Automation Platform

Developed an internal centralized catalog and execution platform using React on the frontend and Python/Go on the backend. Integrated with Ansible and HashiCorp Vault to securely provision and configure resources. Scaled from zero to 100,000 automated runs per month, serving hundreds of internal applications with self-service automation.

September 2022
React Python Go Docker Kubernetes Couchbase Kafka Ansible Prometheus HashiCorp Vault OpenShift ServiceNow

Automation Platform @ Amex

Overview

I contributed to, and built core components for, a centralized automation platform that transformed how American Express teams provision and configure infrastructure, scaling from zero to 100,000 automated runs per month.

The Automation Platform is a centralized catalog and execution engine that lets teams register, discover, and run reusable automations across environments. Users submit automations with metadata (name, description, target host or IP) and attach the actual scripts or code that execute on the specified systems. A built-in promotion workflow moves automations through e1 (development), e2 (staging), and e3 (production) with configurable approval gates. Every automation integrates automatically with our internal ticketing system for traceability, comes with out-of-the-box monitoring dashboards, and is fully accessible via both a user-friendly web interface and a RESTful API for programmatic management.

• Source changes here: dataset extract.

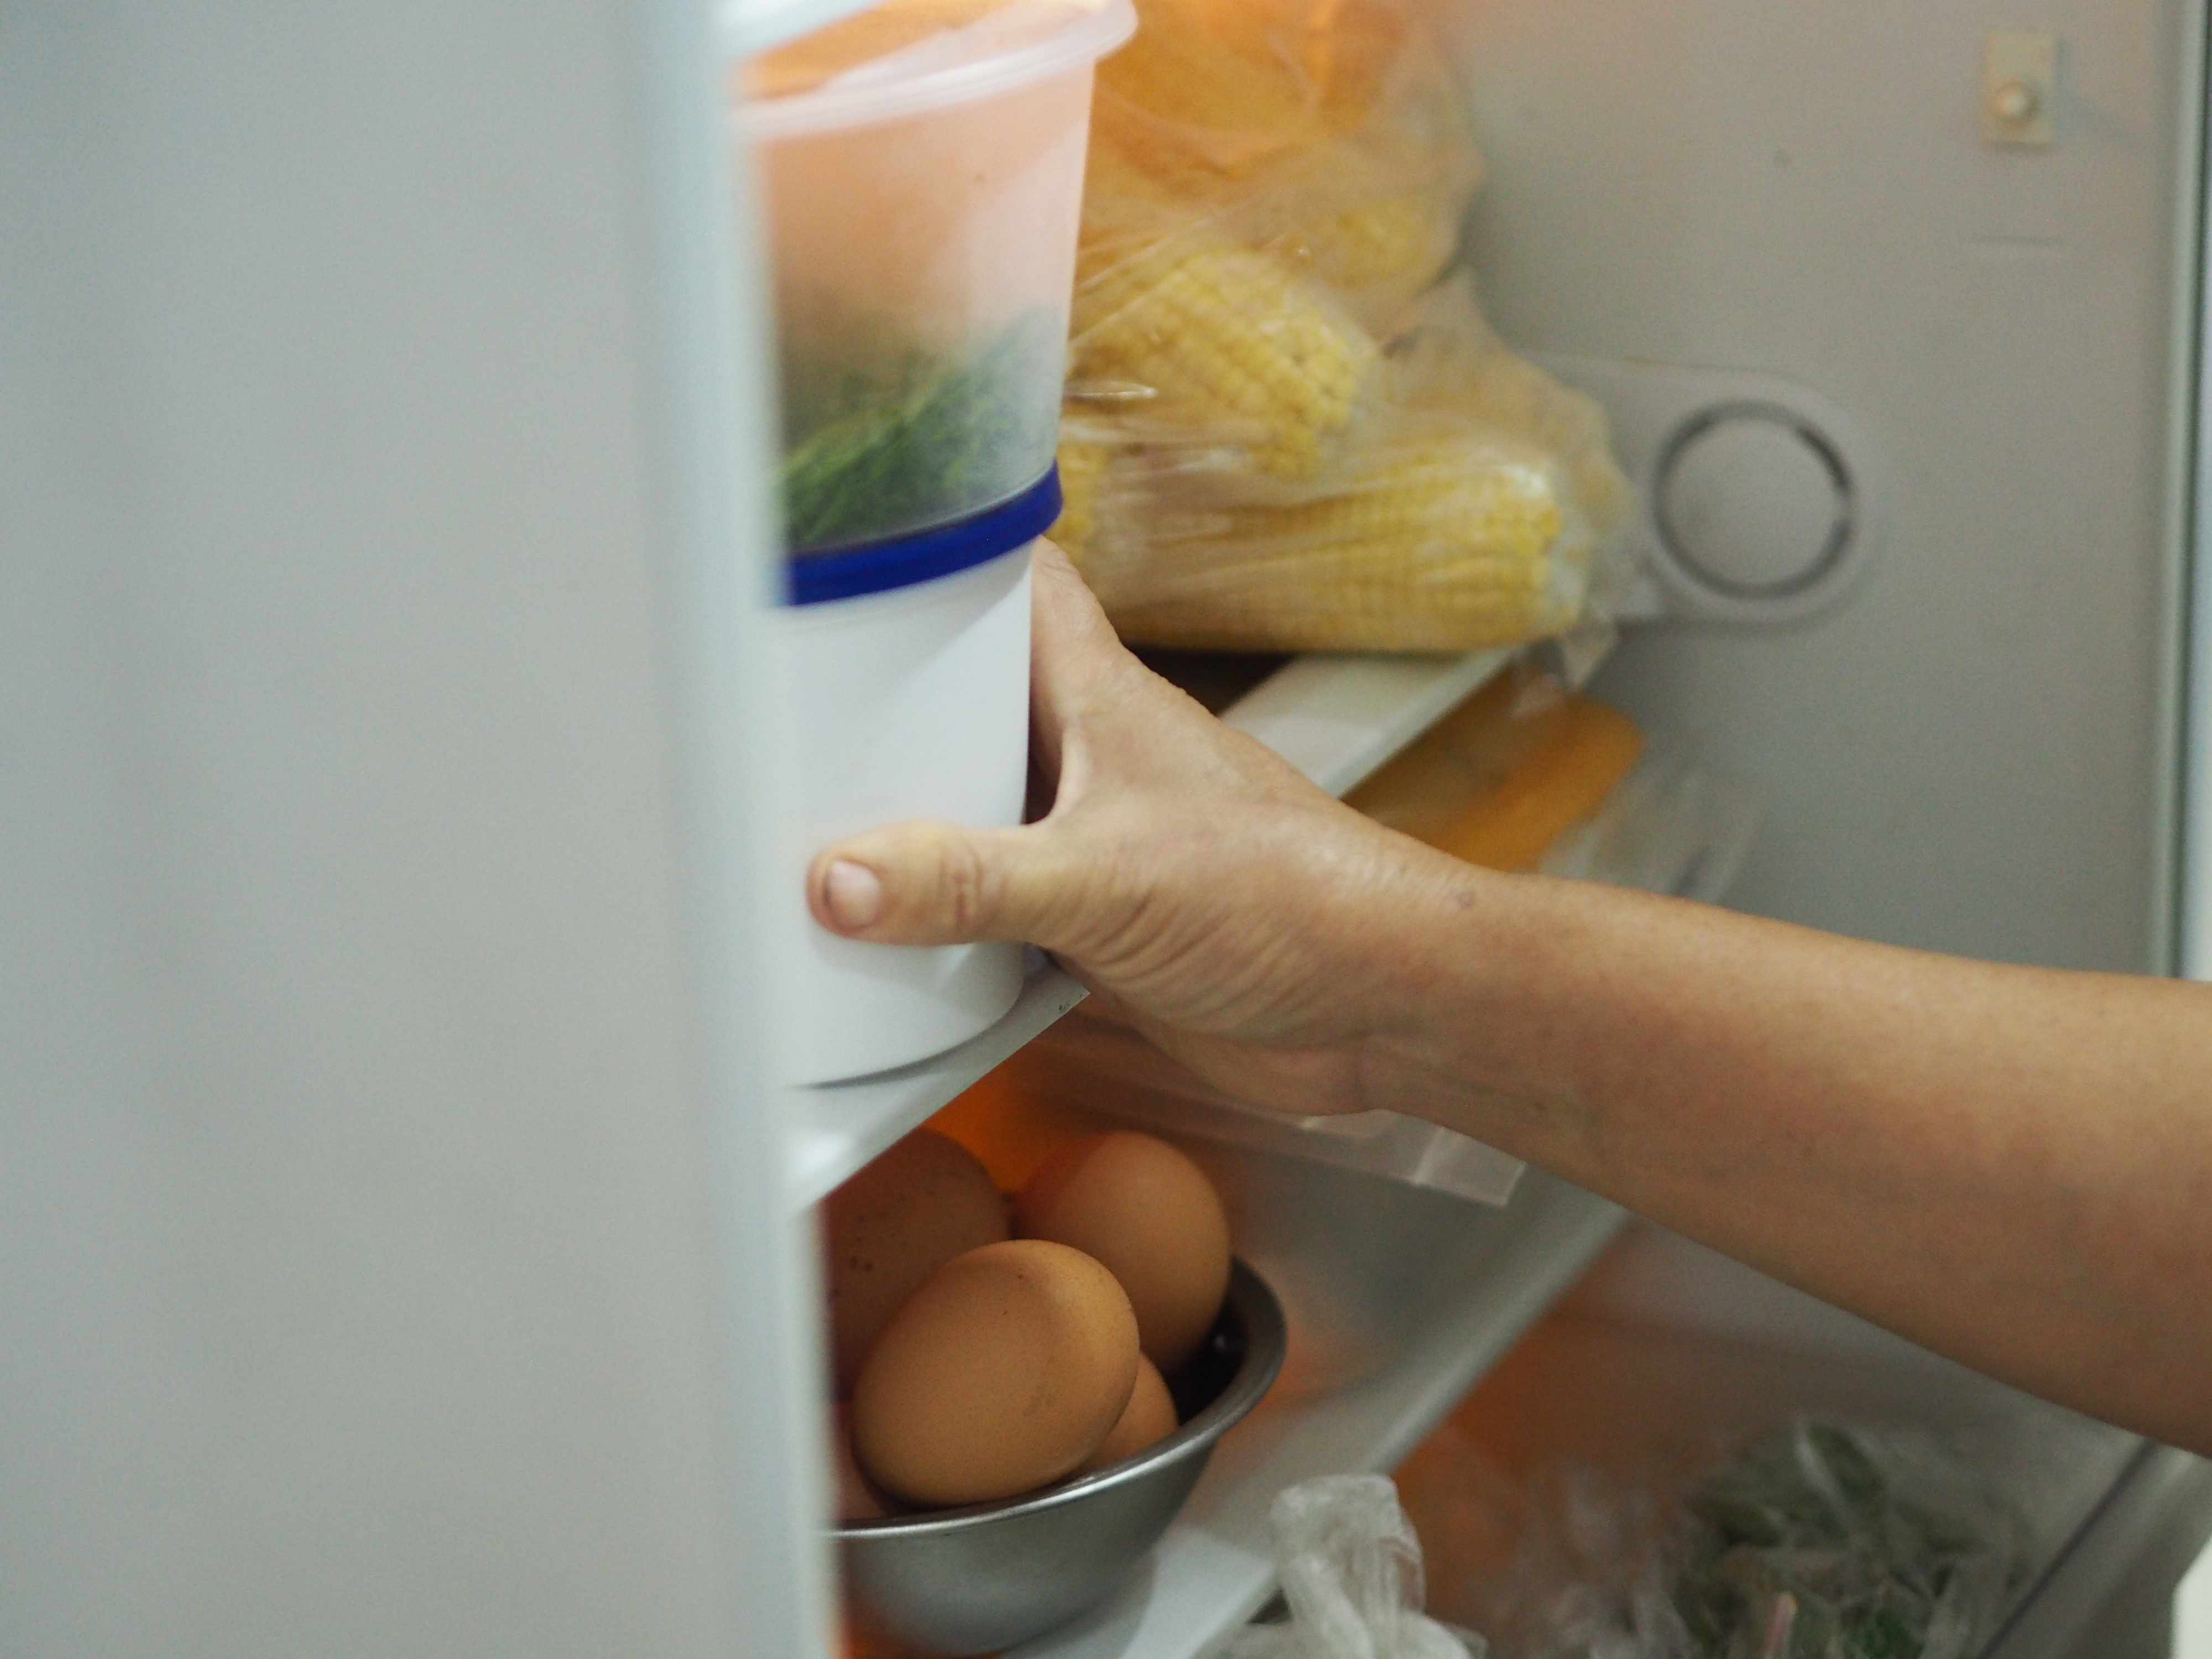 Person&#x27;s hand opening a refrigerator stocked with eggs and vegetables, implying budget-friendly meal planning
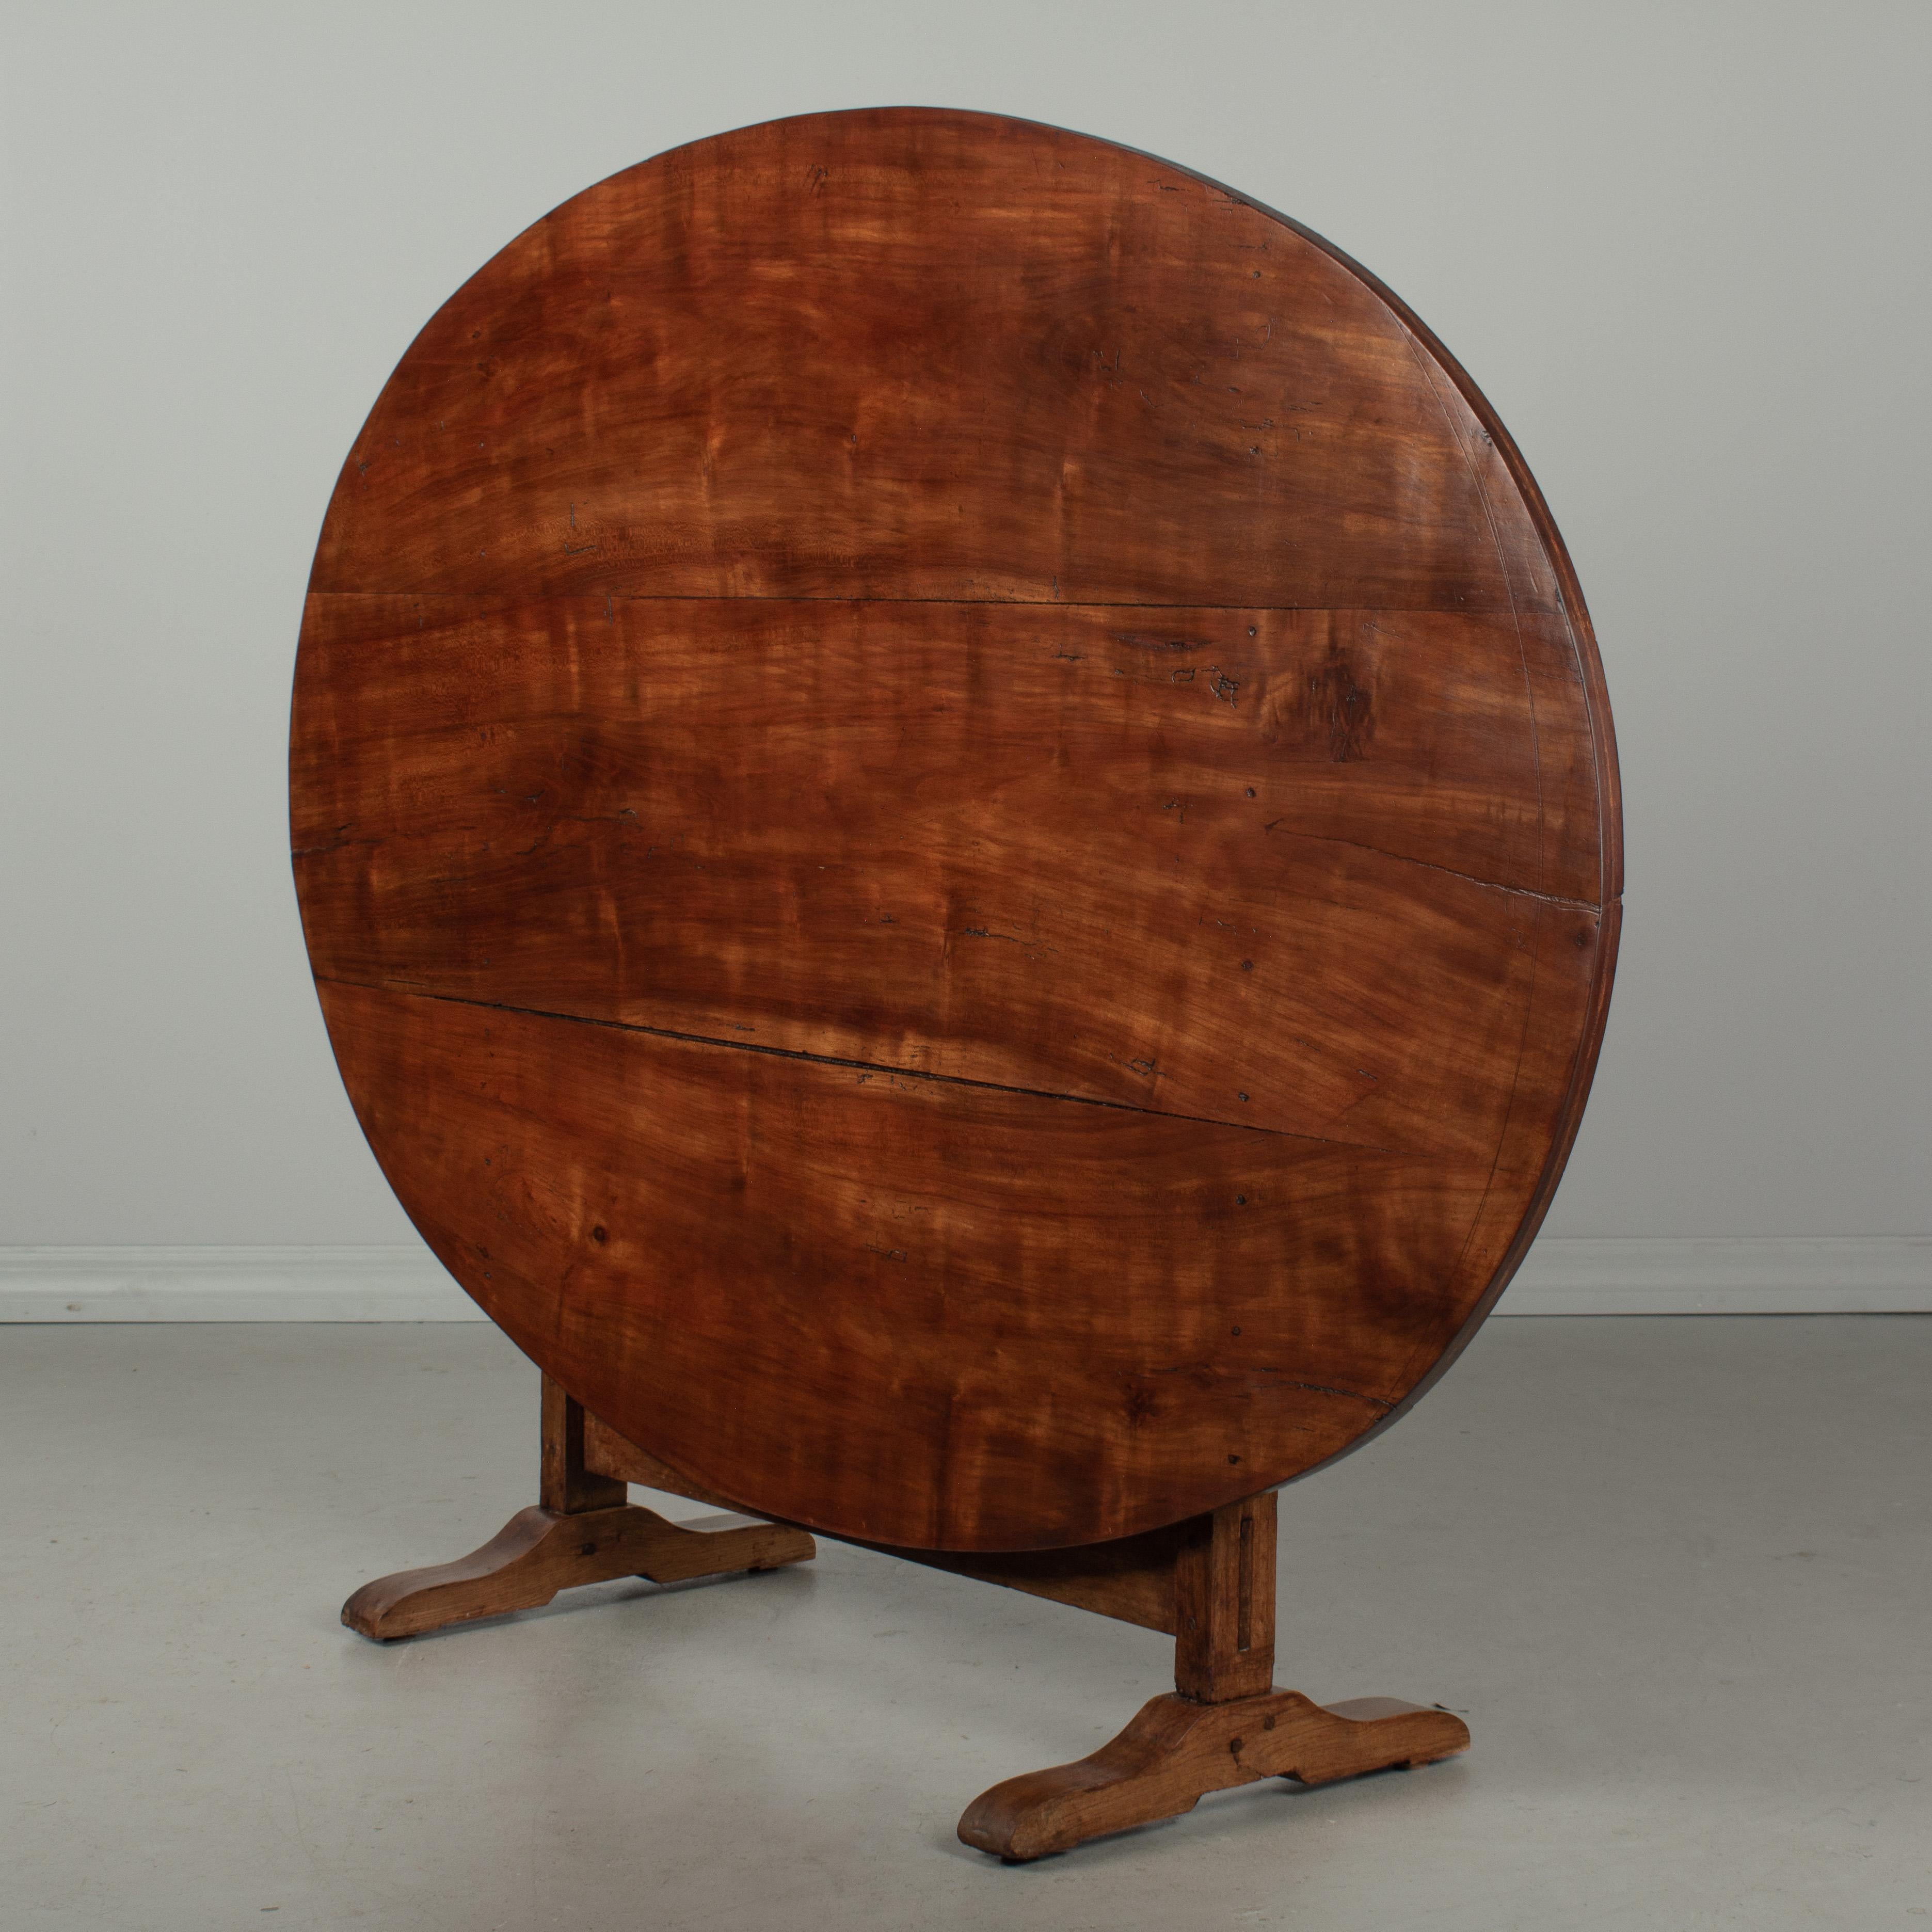 A French wine tasting, or tilt-top table, made of solid cherry. The large oval top is made from three planks of wood and the base is sturdy and well-crafted with mortise and tenon joints and pegged construction. The table top was once covered in

Beyond individual automations, users can also build multi-step workflows that chain together existing automations in a defined sequence, complete with success and failure conditions. These workflows are constructed via the web interface and visualized with a slick flowchart view, making it easy to design, review, and share complex operational processes. The result is a self-service automation ecosystem that dramatically reduces duplication, improves change governance, and accelerates operational efficiency.

Platform Architecture

Frontend

  • React Application: Modern, responsive UI for catalog browsing and automation execution
  • Real-time Updates: WebSocket integration for live status updates and progress tracking
  • Role-based Access: Granular permissions system for different user roles and teams

Backend Services

  • Python Microservices: Core automation decision engine
  • Go Services: High-performance API endpoints and task execution engines
  • Event-driven Architecture: Kafka integration for reliable message processing and event sourcing

Security Integration

  • HashiCorp Vault: Centralized secrets management for all automation workflows
  • Ansible Integration: Secure configuration management and infrastructure provisioning
  • Audit Logging: Comprehensive audit trails for all automation activities

Key Features

Self-Service Catalog

  • Automation Templates: Pre-built, tested automation workflows for common tasks
  • Approval Workflows: Configurable approval processes for sensitive operations
  • Version Control: Git integration for automation template versioning and rollbacks

Execution Engine

  • Parallel Processing: Concurrent execution of multiple automation tasks
  • Retry Logic: Intelligent retry mechanisms with exponential backoff
  • Resource Management: Dynamic resource allocation based on workload demands

Monitoring & Analytics

  • Real-time Dashboards: Live monitoring of automation execution and system health
  • Performance Metrics: Detailed analytics on automation success rates and execution times
  • Cost Tracking: Resource utilization tracking and cost optimization insights

Technical Implementation Details

I architected the Automation Platform’s catalog entirely from scratch, using React to deliver a dynamic, component-driven user interface and Go to power a performant backend API. The catalog’s data model, backed by PostgreSQL, was designed to store rich metadata for each automation, such as name, description, target host or IP, tags, and version history, while execution logic is decoupled into attachments that users upload and manage independently. I implemented a secure secrets integration with HashiCorp Vault so that automations can reference credentials at runtime without ever exposing sensitive data in transit or at rest.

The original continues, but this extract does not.